BEGIN Records for this task
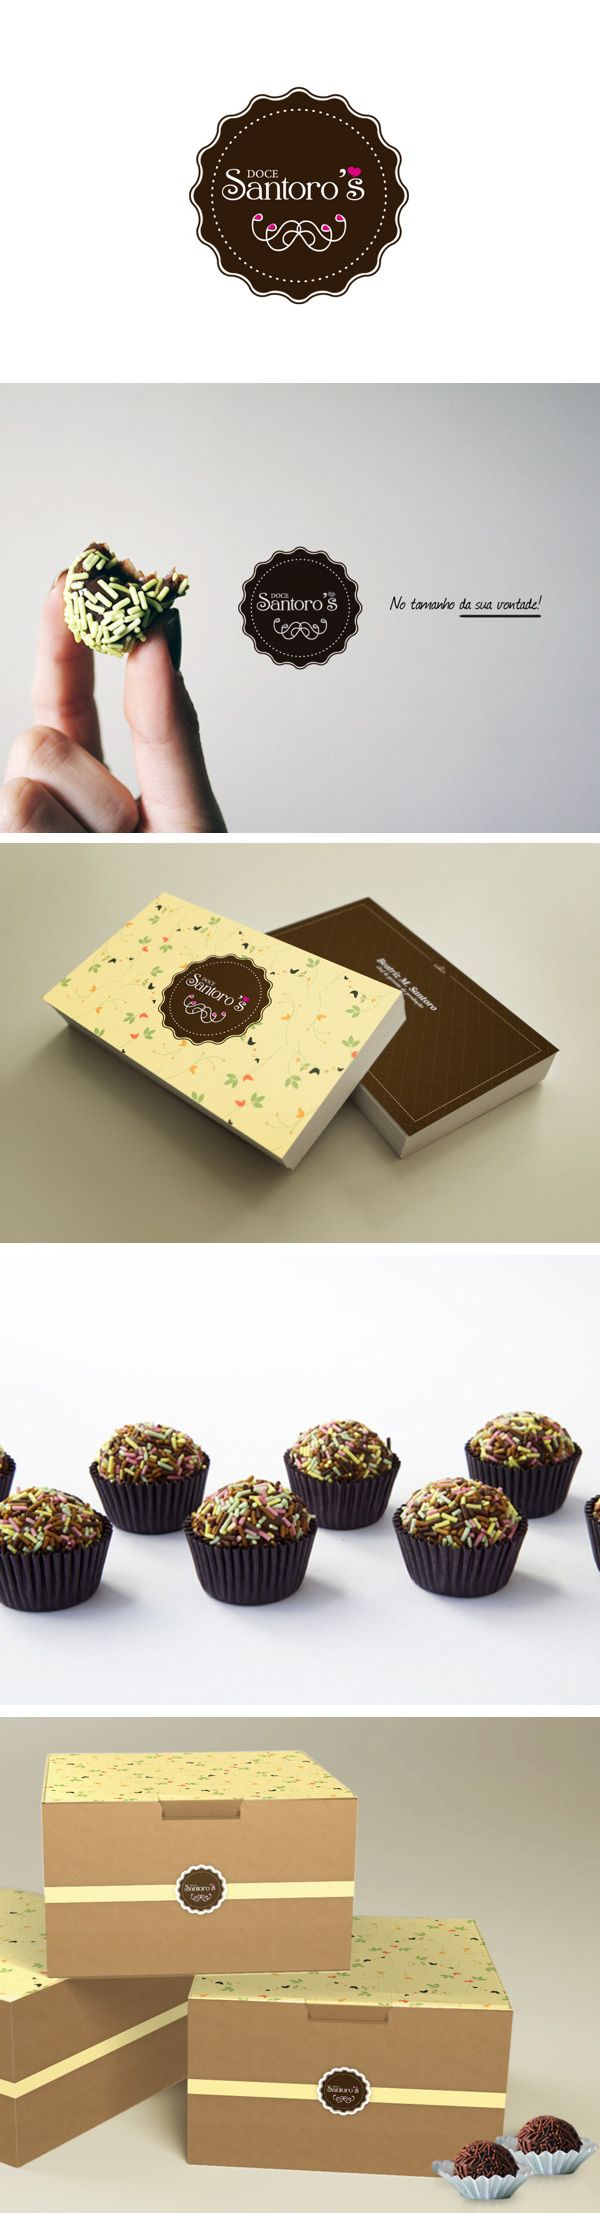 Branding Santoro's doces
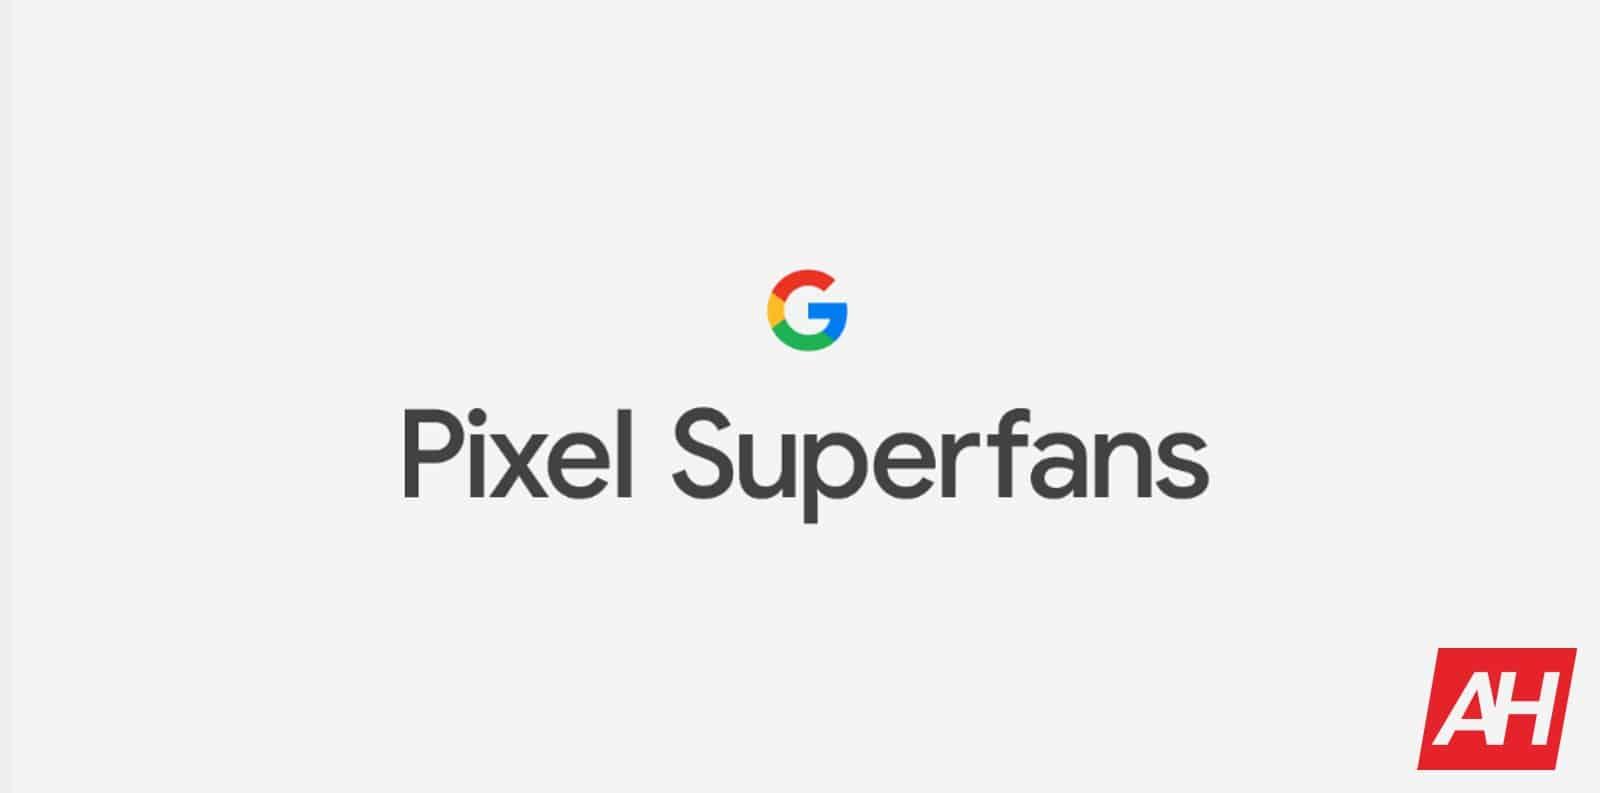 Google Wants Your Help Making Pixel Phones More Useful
END Records for this task
BEGIN Records for this task
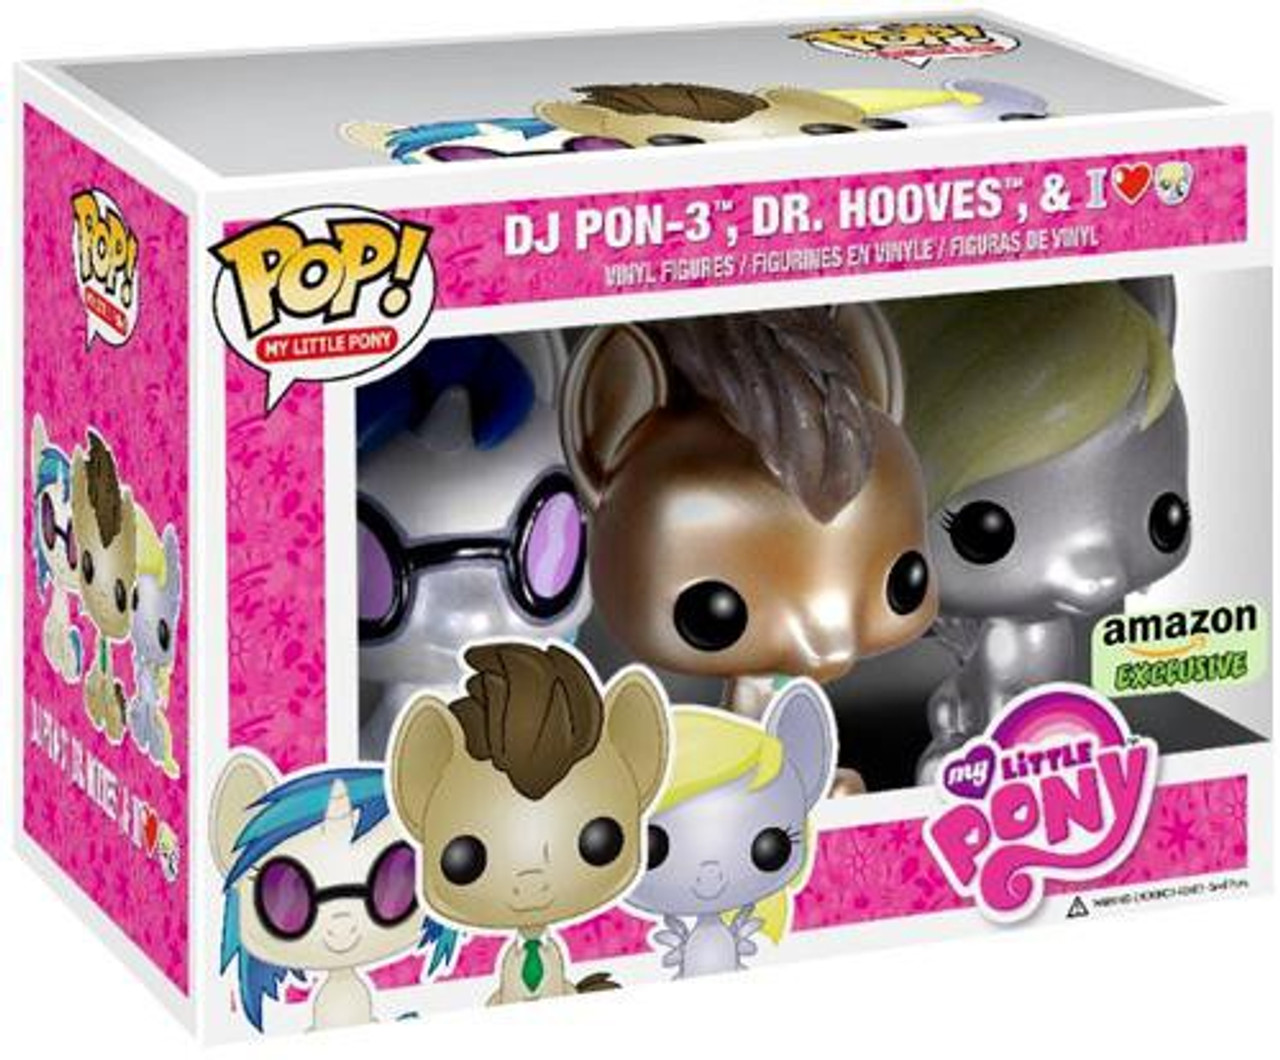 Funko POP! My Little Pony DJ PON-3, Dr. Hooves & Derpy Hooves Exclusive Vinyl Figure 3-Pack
END Records for this task
#### What you are asked to do
In the material above, the stretch from the line with "Branding Santoro's doces" through the line with "Google Wants Your" is to be given again exactly, minus the pictures.

#### Task result
 Branding Santoro's doces
 Google Wants Your Help Making Pixel Phones More Useful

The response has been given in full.